KR101632229B1 - Concrete structure for arrest alkali ions leaching from concrete, surface treatment apparatus and method for concrete - Google Patents

Abstract

The present invention relates to a concrete structure for inhibiting the leaching of alkali ions and an apparatus and a method for treating a concrete surface thereof. More particularly, the present invention relates to a method and apparatus for preventing alkaline leaching, And to provide a concrete structure for suppressing the leaching of alkali ions and an apparatus and a method for concrete surface treatment for the same, which can improve the stability of the ecological environment and improve the inner closure of the concrete.
According to an aspect of the present invention, there is provided a method for surface treatment of concrete for inhibiting alkali ion leaching, the method comprising the steps of: vacuuming a space in which concrete produced through a predetermined process is placed into a vacuum state; A carbon dioxide injection step of injecting carbon dioxide into the vacuumized space; And controlling an influence factor for promoting carbonation on the surface of the concrete to control the influence factor for forming a calcium carbonate layer on the surface of the concrete. The present invention also provides a concrete surface treatment method for suppressing alkali ion leaching.

Description

TECHNICAL FIELD The present invention relates to a concrete structure for suppressing alkali ion leaching, a concrete surface treatment apparatus for the same, and a concrete surface treatment apparatus for treating the same,

The present invention relates to a concrete structure for suppressing alkali ion leaching, and a concrete surface treatment apparatus and method for the same. More particularly, the present invention relates to a concrete surface treatment apparatus and a treatment method thereof, A concrete structure for suppressing leaching of alkali ions, and an apparatus and a method for concrete surface treatment for the same, which can improve the stability of ecological environment by suppressing leaching and improve the inner closure of concrete.
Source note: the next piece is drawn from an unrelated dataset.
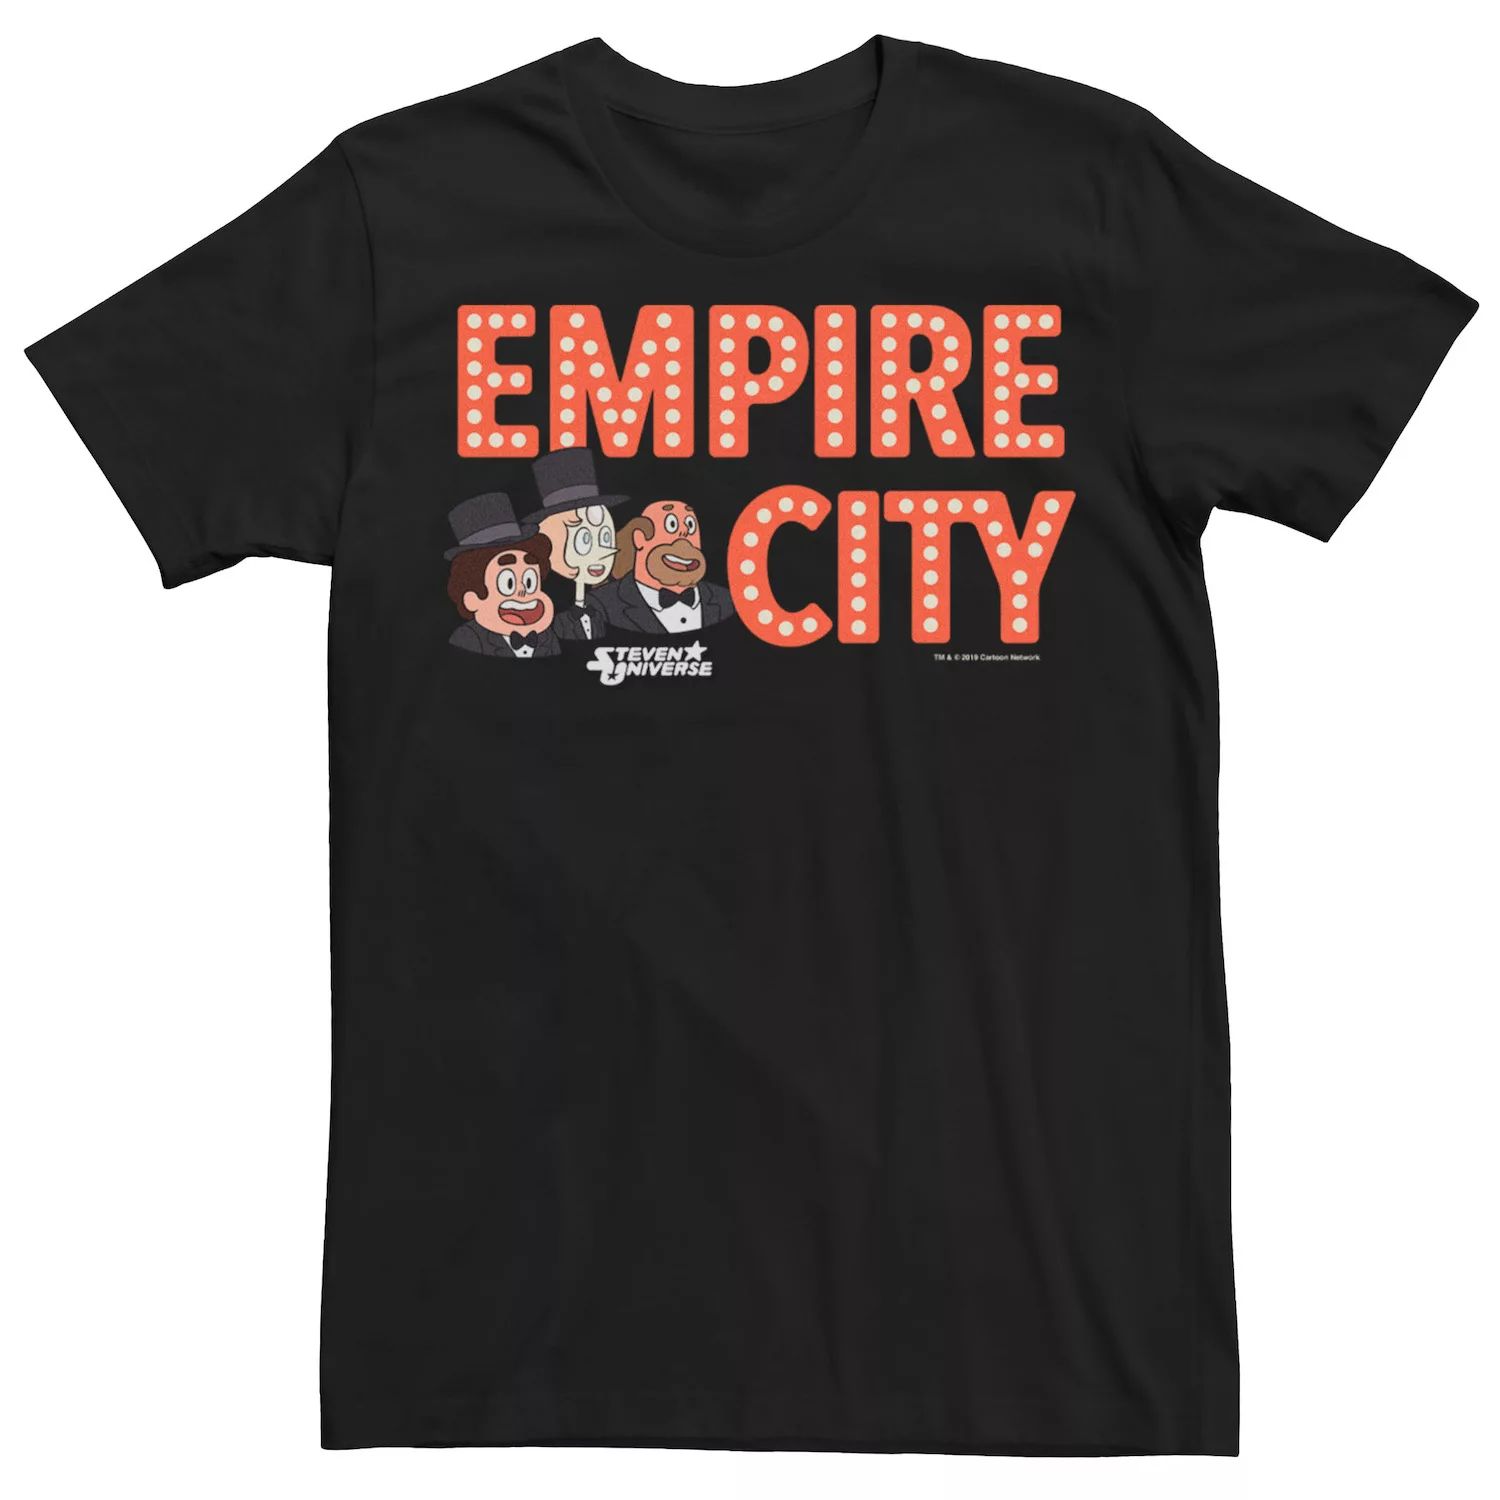 Мужская футболка с логотипом Cartoon Network Steven Universe Empire City Licensed Character

Cement is manufactured using natural limestone, clay, silica, iron oxide raw materials and bituminous coal as main materials. From the viewpoint of effective utilization of resources, various by-products or wastes are recycled as raw materials.
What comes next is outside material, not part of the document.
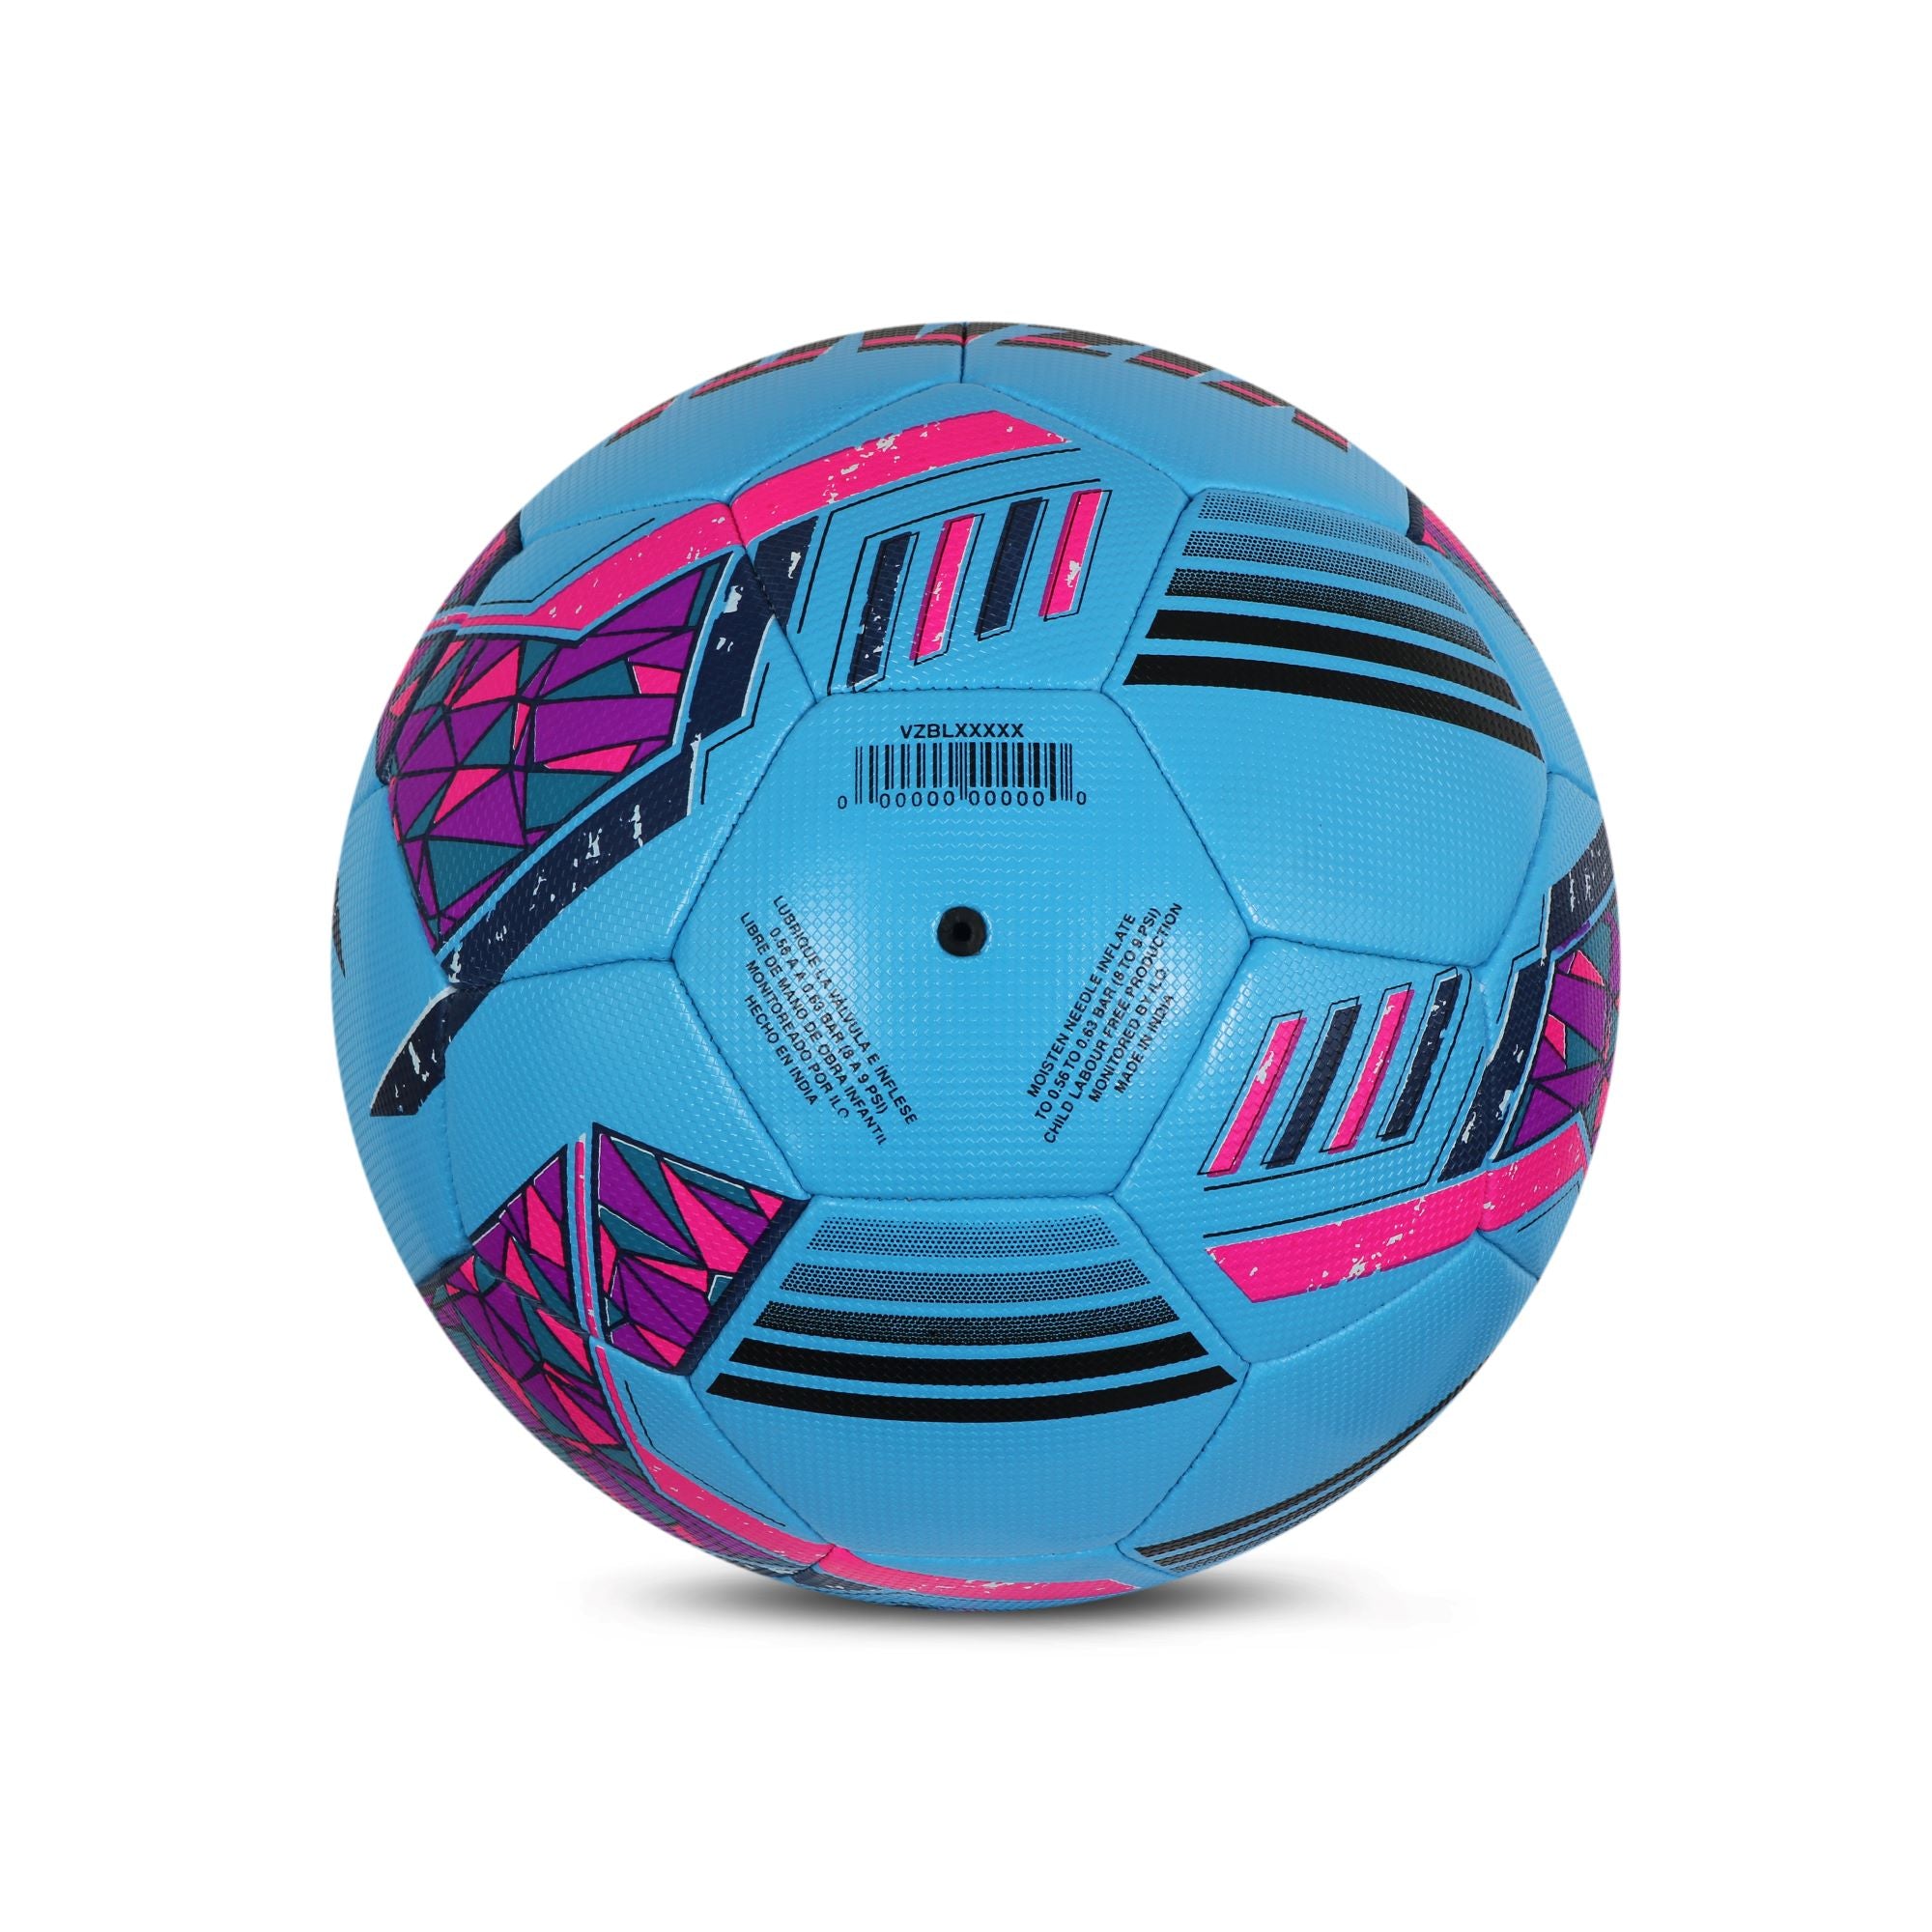 Reflect Pro Premium Indoor Soccer Ball-Sky Blue

These natural raw materials, fuels, by-products and wastes contain trace amounts of other heavy metals in addition to the main constituents of cement, and they can be included in final cement products during cement manufacturing process. Therefore, the controversy of heavy metals in concrete is urgently needed, and rapid improvement is also required. Especially, this is because most of the people in Korea live in buildings with concrete as a main material.

Cement is produced by crushing and calcining limestone, quartz, shale or clay and iron raw materials, then mixing the gypsum and mixed materials (such as sewage slag and limestone) into final cement products. At this time, industrial waste (waste sand, slag, sludge, etc.) is used instead of each natural raw material.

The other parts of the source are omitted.